Silicone Breast Implants Still Not as Popular as Saline

In the current edition of the Aesthetic Surgery Journal, Drs. Reece, Ghavami, et. al., surveyed current practice patterns in breast augmentations by Board Certified Plastic Surgeons throughout the USA.  While the study was mostly predictable, I was shocked to read that plastic surgeons still use saline implants more frequently than silicone implants!

Here's what implants plastic surgeons seem to prefer...

  • 92% used smooth implants (rather than textured)
  • 96% prefer round implants (rather than tear-drop shaped)
  • Saline still outsells silicone.
  • At least 40% of plastic surgeons prefer saline implants over silicone implants.
  • 23% use saline implants exclusively!

Compared to my peers, my numbers are similar, except when it comes to saline versus silicone.

  • I prefer smooth.
  • I prefer round implants.
  • I do like saline implants.  Saline still has a role to play, especially when a patient wants the smallest possible scar.
  • However, in general, silicone is my preferred option.  I recommend silicone to 90% of my patients.

Why do I like silicone in most cases?

  • Silicone has a more natural feel.
  • Silicone produces less "rippling."
  • I think that silicone implants will probably be more durable.

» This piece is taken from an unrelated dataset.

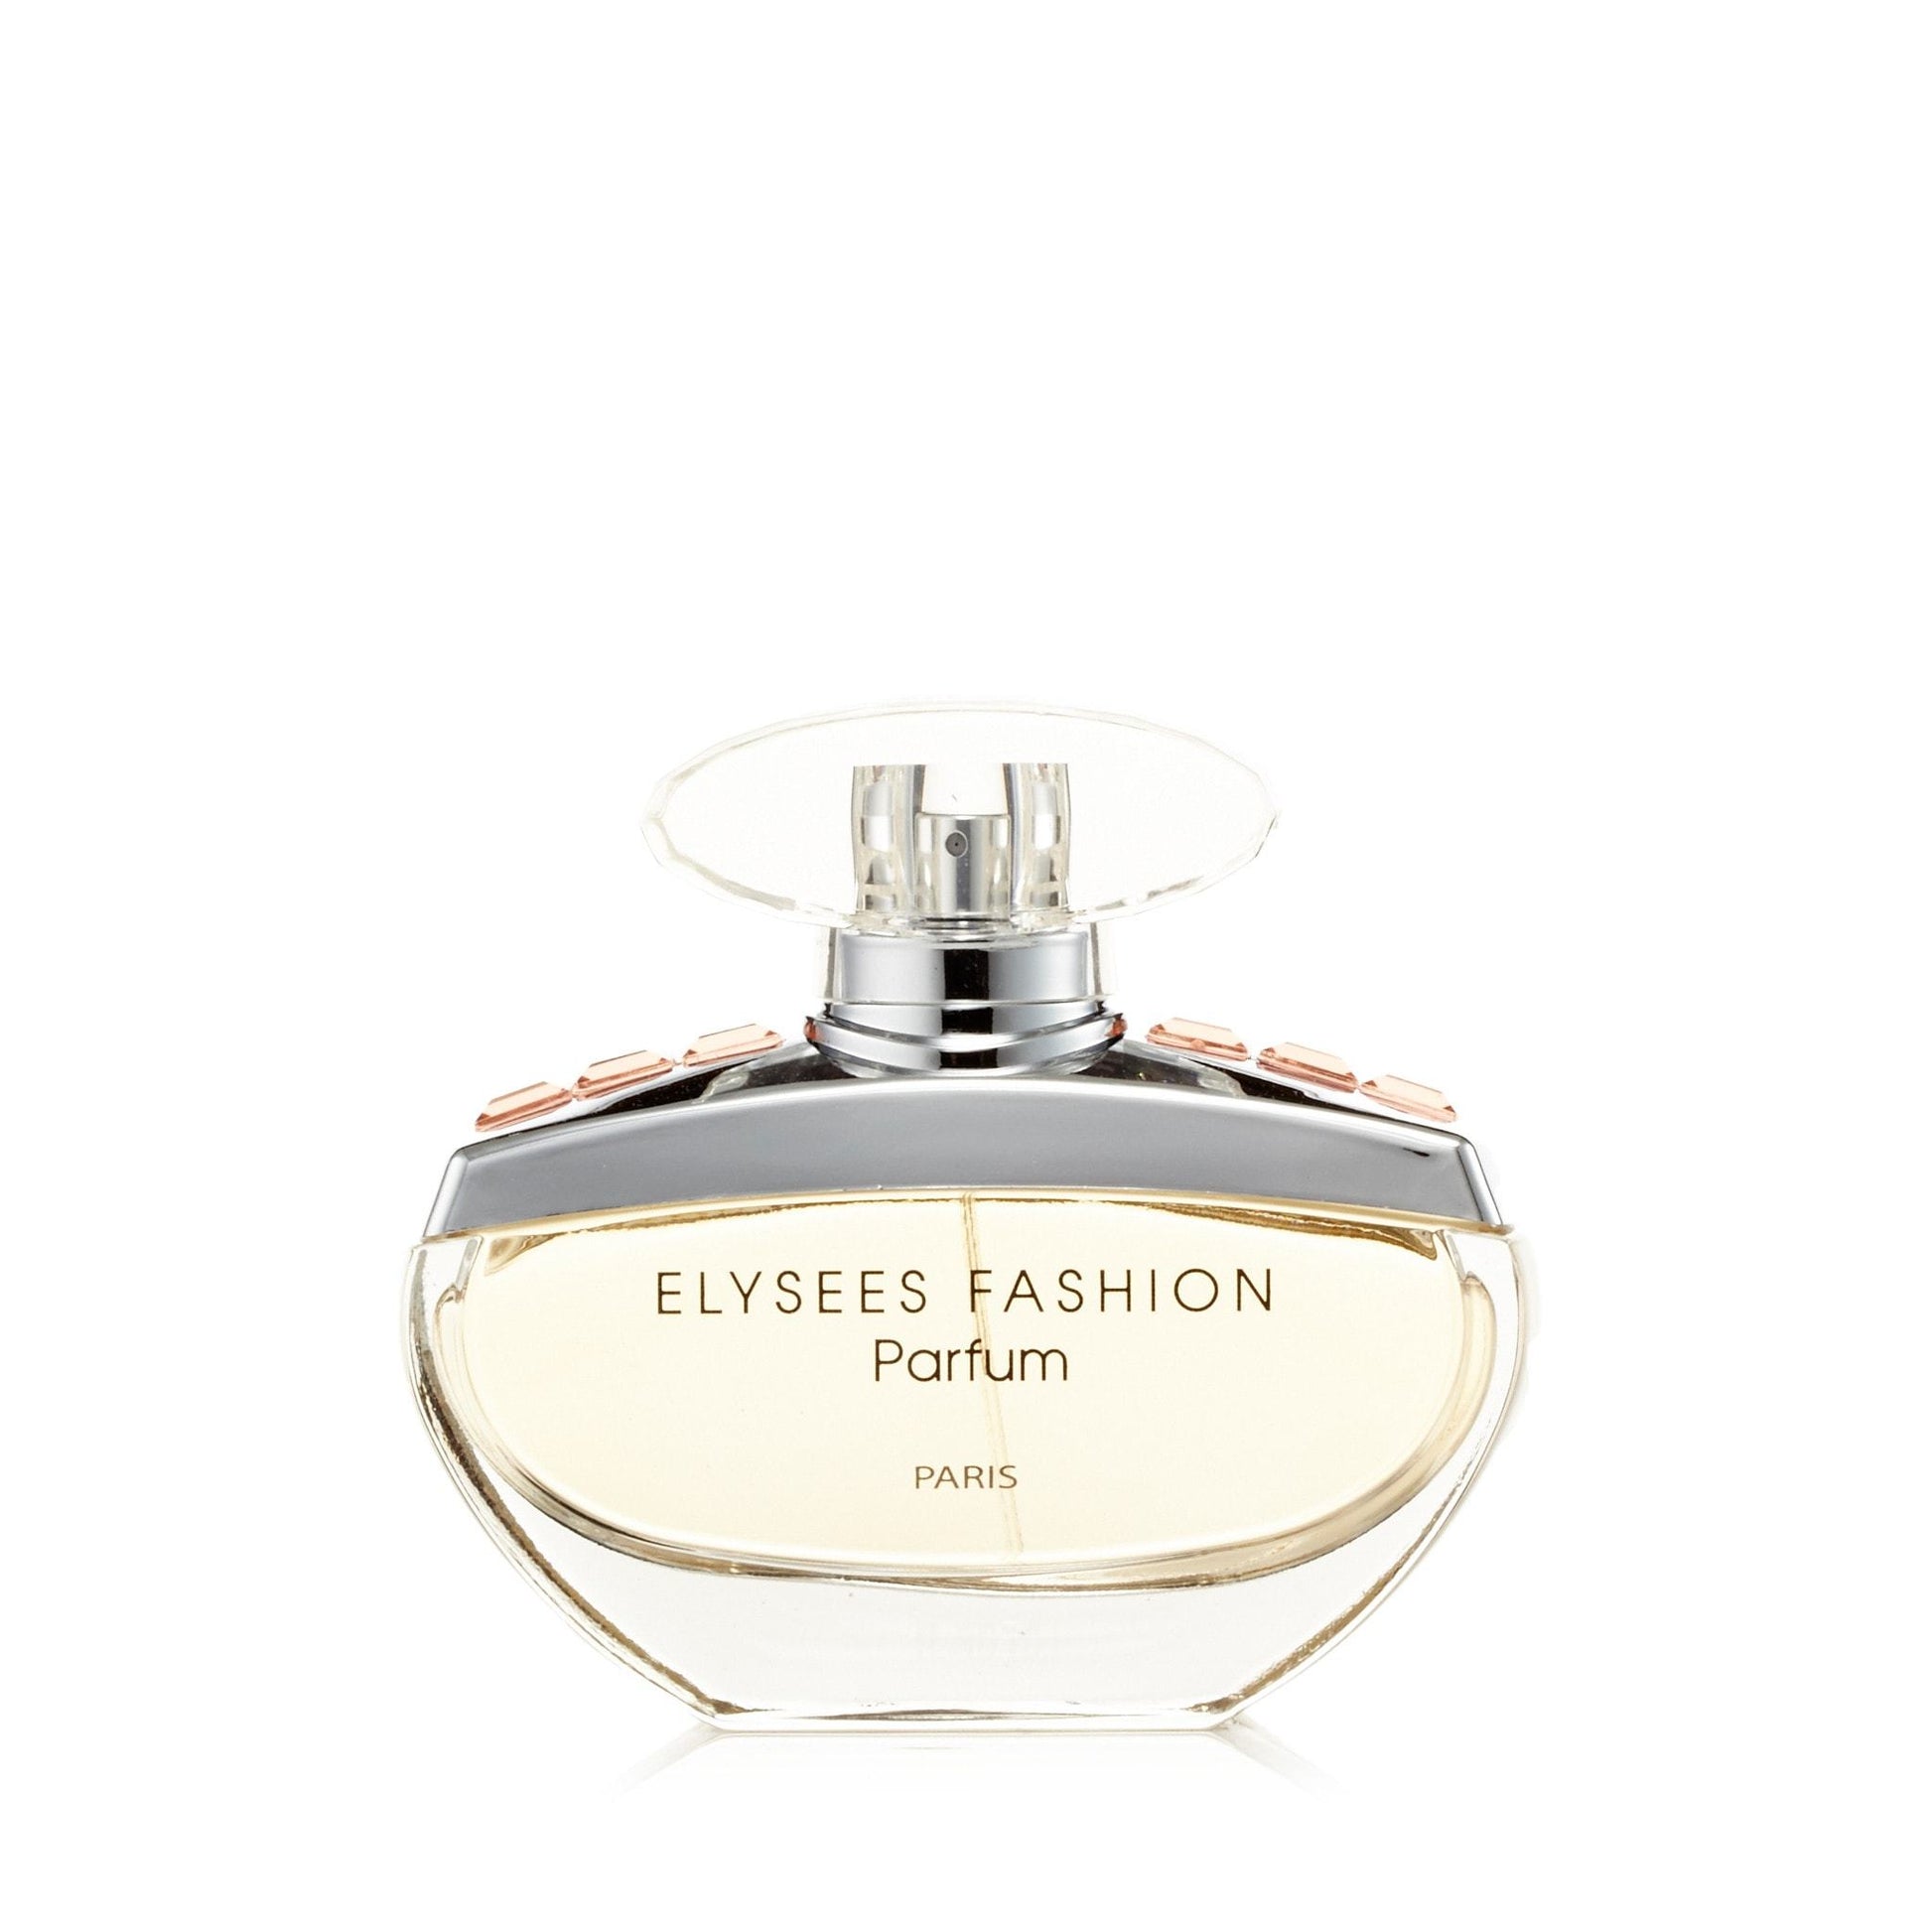 Elysees Fashion Eau de Parfum Spray for Women, Product image 1
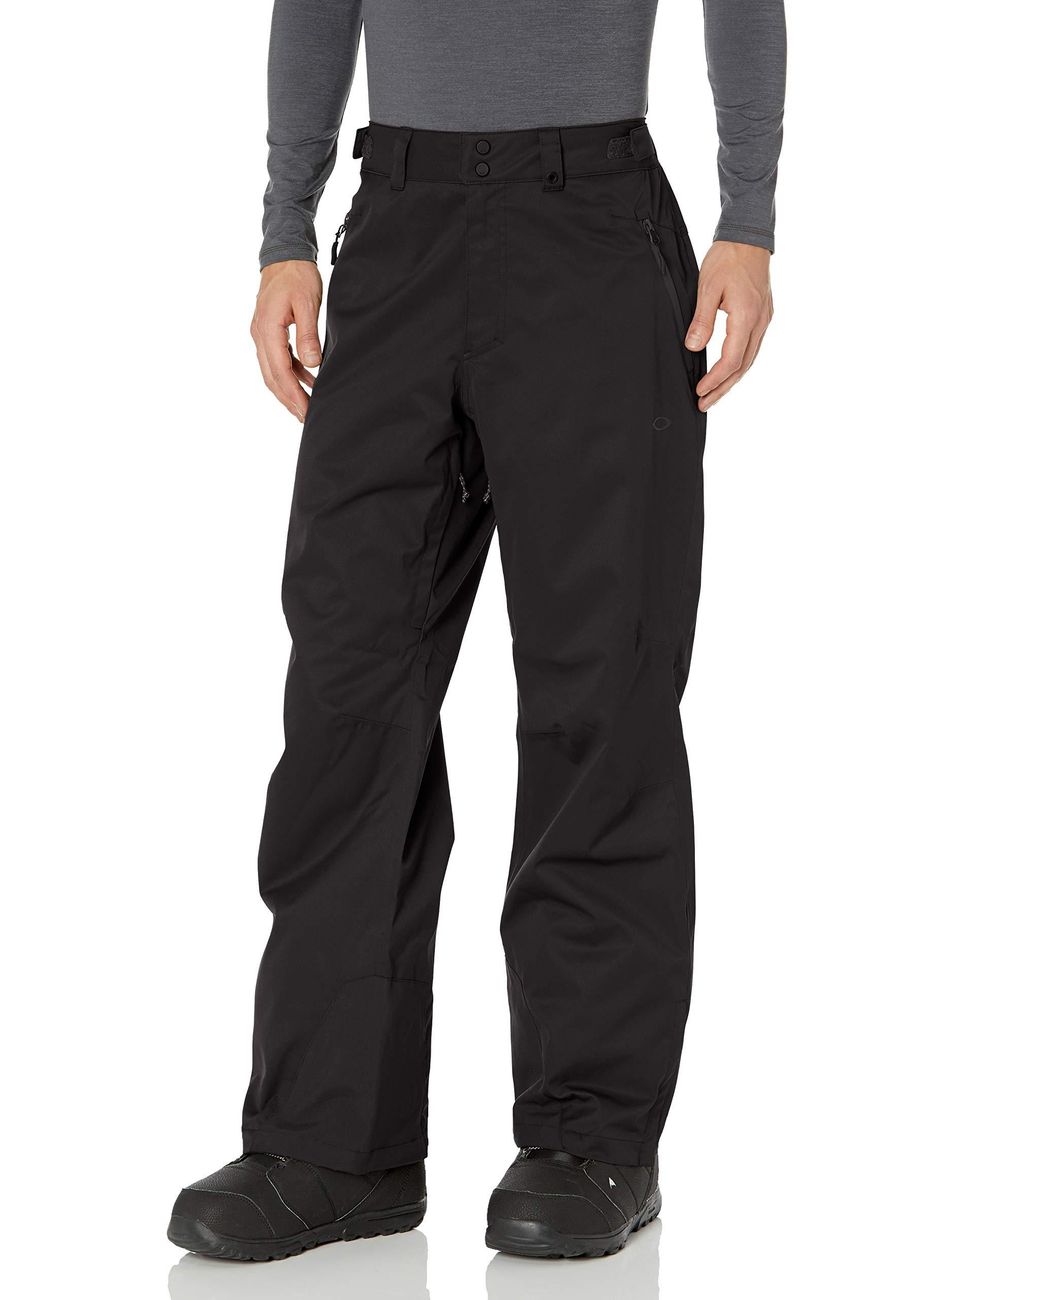 Oakley Crescent 2.0 Shell 2l 10k Pant in Black/Black (Black) for Men - Lyst

Most of the other results of the study were predictable.  Overall, I am happy to say that I follow the standard, majority opinion in all of the following circumstances:

  • Most plastic surgeons and their patients prefer outpatient surgery centers rather than hospitals.  (I use both, but most routine breast surgery is done in a same-day surgery centers.)
  • About 2/3 of plastic surgeons work with physician anesthesiologists; the other 1/3 employ a nurse anesthetist.  (I prefer a Board Certified Anesthesiologist for maximum safety.)
  • Most (93%) do not use pain pumps.  (I place long-acting novocaine-type medication into the breast "pocket," but I do avoid pain pumps.  I worry that the pump tubing could increase risks of infections.)
  • Average implant size is between 300 cc and 400 cc.  However, there were minorities of plastic surgeons who usually placed 200-300 cc implants; still others seemed to preferentially use 400-500 cc implants.  (My average is in the high 300s.)
  • Regarding incision location, 64% prefer an incision in the fold beneath the breast, and 25% use an incision around the areola.  (These are the two approaches that I use.)  Very few use the arm pits, and almost none still use the belly button.  (I don't use these techniques at all anymore.)
  • Regarding implant location, 78% attempt some coverage of the implant beneath the pectoralis muscle.  (I place implants below the muscle in 95% of patients.)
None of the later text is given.